With no chance of winning and being just two miles from the nearest pit, Kristen had a a choice. Forfeit the race and try again next year, or sit through the blistering cold for a chance to finish her 7th solo run of the Baja 1000.

“I’ve never quit a single race,” she says. “Some are extremely challenging and I’m sure many of the racers out there would probably call it quits—but I just don’t have it in me. Sometimes the car is damaged beyond repair, but for me to call it because I feel physically unable? That just isn’t gonna happen.”

After the race, the Matlock team wastes no time getting back to the drawing board. Kristen is building a new car for the 2023 season.
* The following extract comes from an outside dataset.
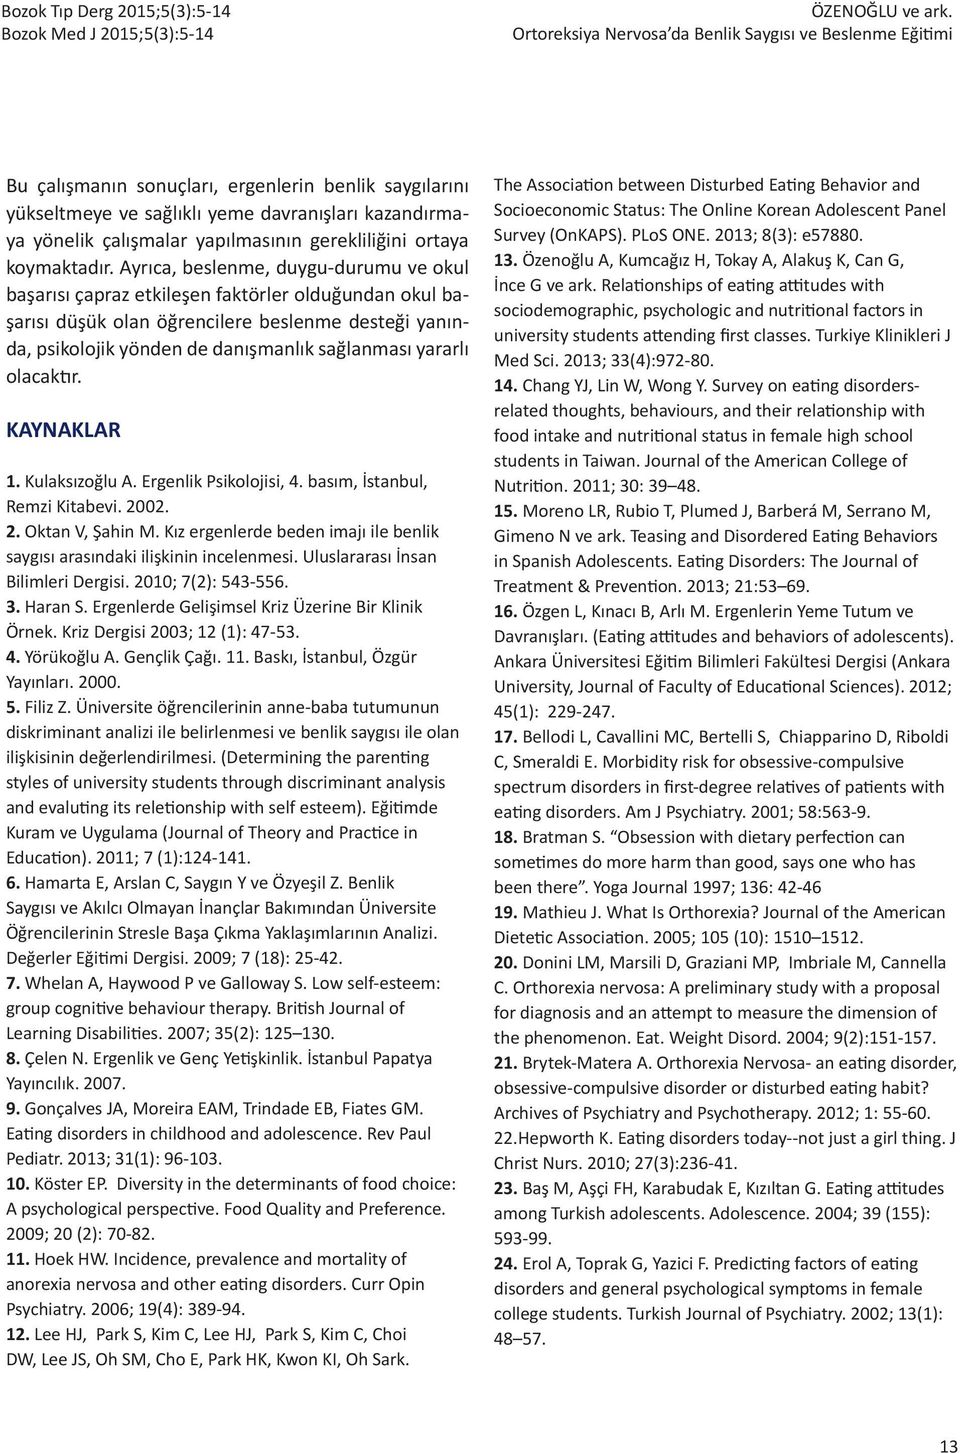 yararlı olacaktır. KAYNAKLAR 1. Kulaksızoğlu A. Ergenlik Psikolojisi, 4. basım, İstanbul, Remzi Kitabevi. 2002. 2. Oktan V, Şahin M.

This year’s Baja was a hard lesson on what they’ll need next year.

“We realized that because we’re carrying 39 gallons of fuel in the rear of the car, handling is completely different when its full than it is when we’re running low,” she says. “Next season we’re moving the fuel cell to the middle of the car to even it out. We’re also moving up to a 35” Yokohama tire to lower stress on the suspension. We’re still learning after all this time, but I think we got everything we needed to make it happen next year.”

While desert racing will always be unpredictable, one thing is for certain: The Ironwoman will be back next year. If you see her bright pink car in your mirrors, you’d do well to get the hell out of her way.